Ordinarily, in terms of section 76(d)(ii) of the Act, such failure would be a ground for revocation of a grant. The applicant, instead seeks that the respondent either be compelled to surrender the documents of title or the land registrar be ordered to dispense with the respondent’s signature. The application is brought under the inherent jurisdiction of the court in section 47 of the Actand Rule 49 of the Probate and Administration Rules as there is no specific provision in the Act or rules for the relief sought.

Under the former (section 47), this court has jurisdiction to entertain any application and determine any dispute and to pronounce any decree or make any orders as may be expedient. An application for such relief is brought by summons (see the later, Rule 49)

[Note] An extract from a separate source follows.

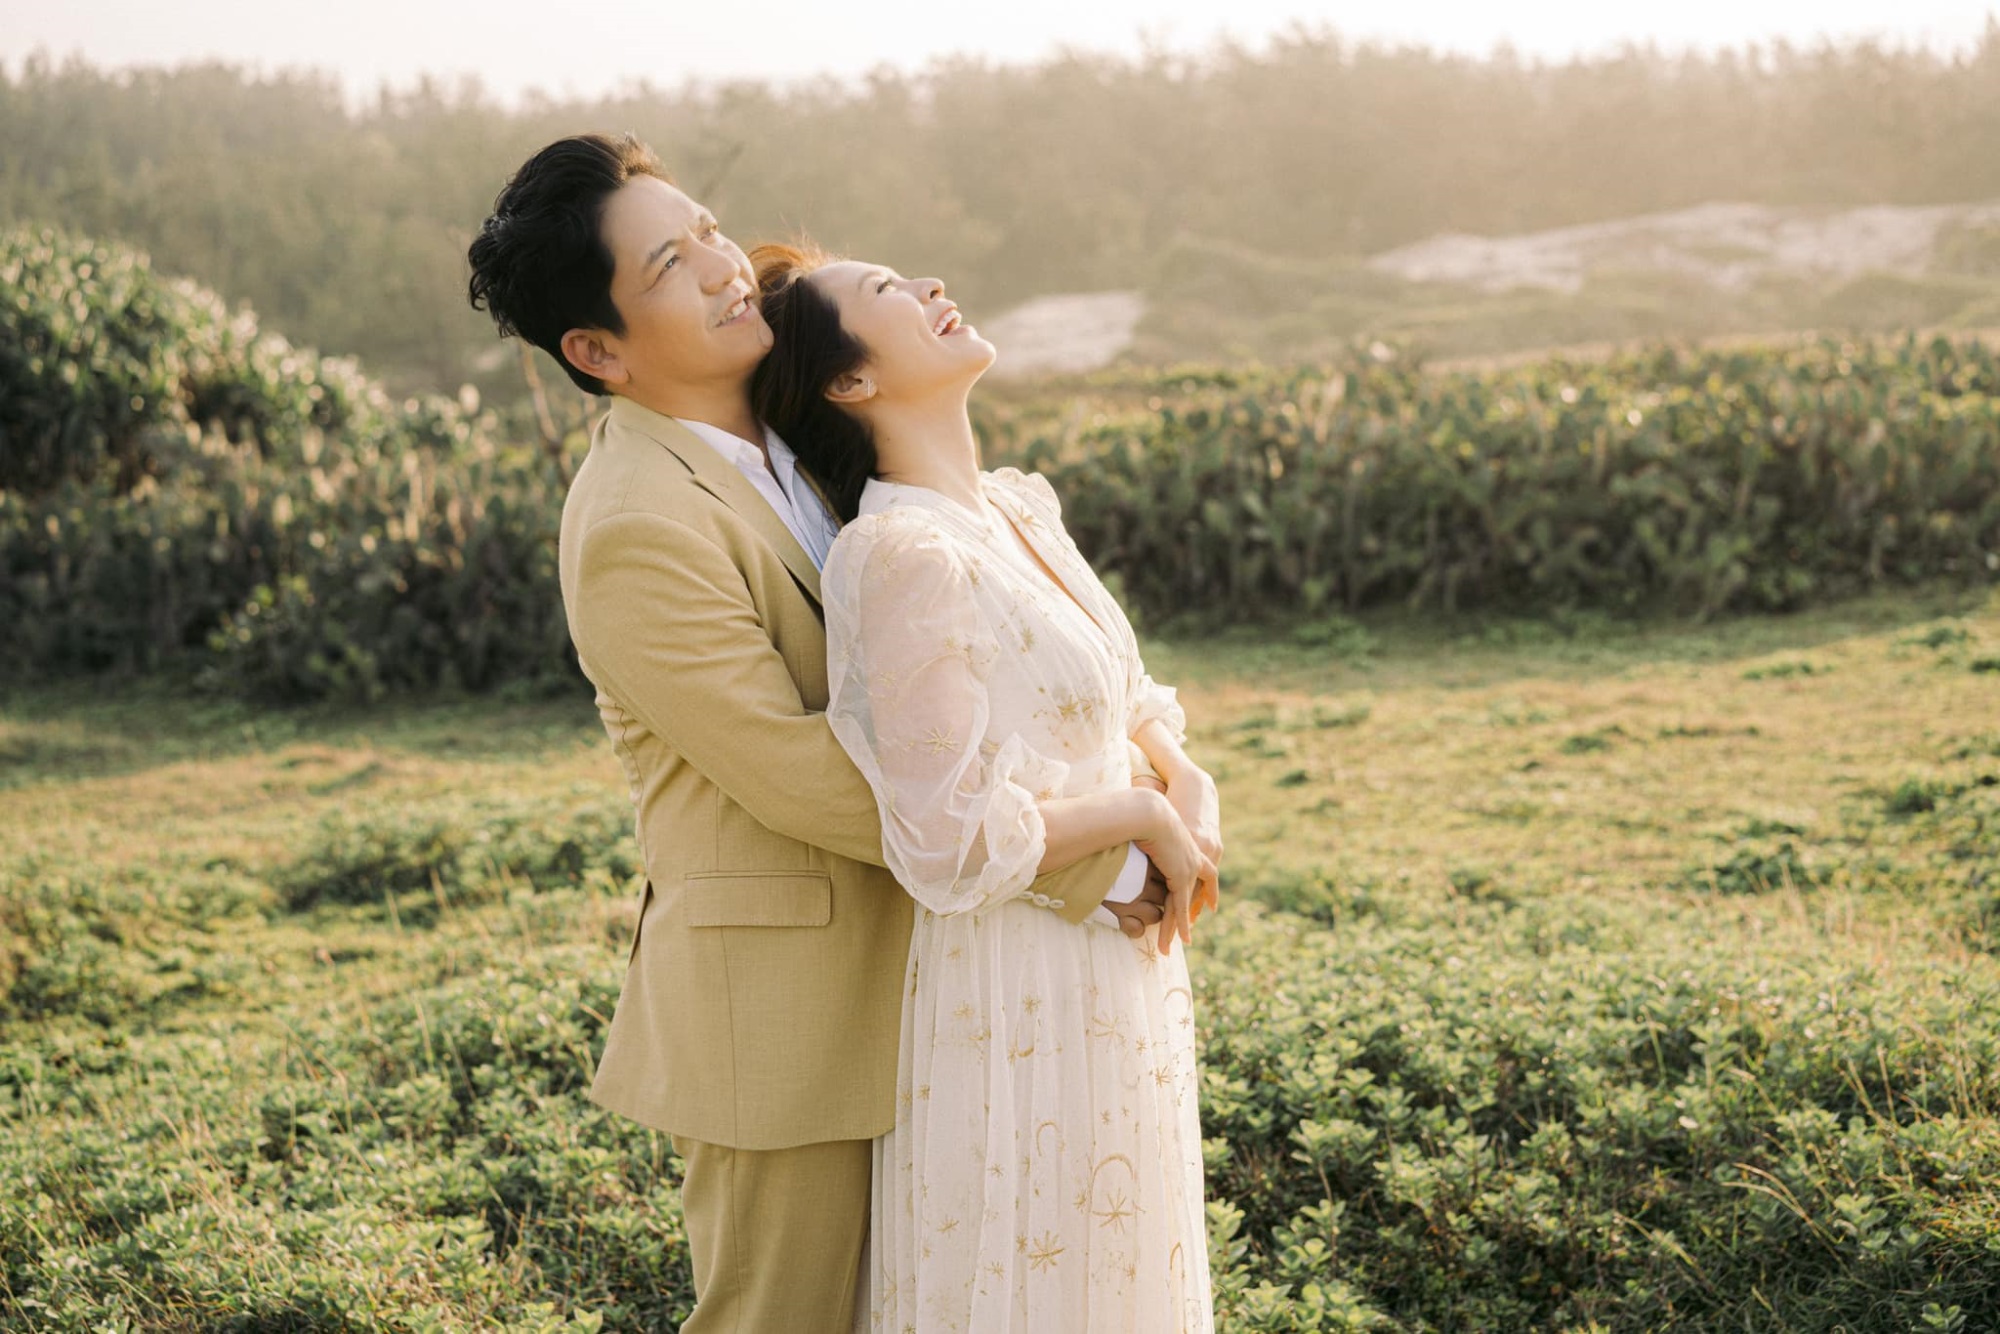 Nhân dịp kỷ niệm 14 năm ngày cưới, Đức Thịnh gửi đôi lời ngọt ngào đến Thanh Thúy khiến netizen không khỏi phần xúc động, ghen tị với cặp đôi - Ảnh 3

To proceed under section 76(d)(ii) aforesaid – to revoke the grant will not be expedient as the process that has taken twenty (20) years since this case was filed would have to start afresh.

It is expedient therefore, that the respondent be ordered, as I hereby do, to surrender the documents of title in respect of the parcels of land in question for purposes of completing the administration of the estate. This he must do within fourteen (14) days from the date of this order, failing which the land registrar is authorized to dispense with the respondent’s signature in registering the respective entitlements of the beneficiaries.

In any case and for the avoidance of doubt, the respondent must get his full share as contained in the Certificate of Confirmation.

I make no order as to costs.

Dated, Delivered and Signed at Nakuru this 28th day of February, 2011.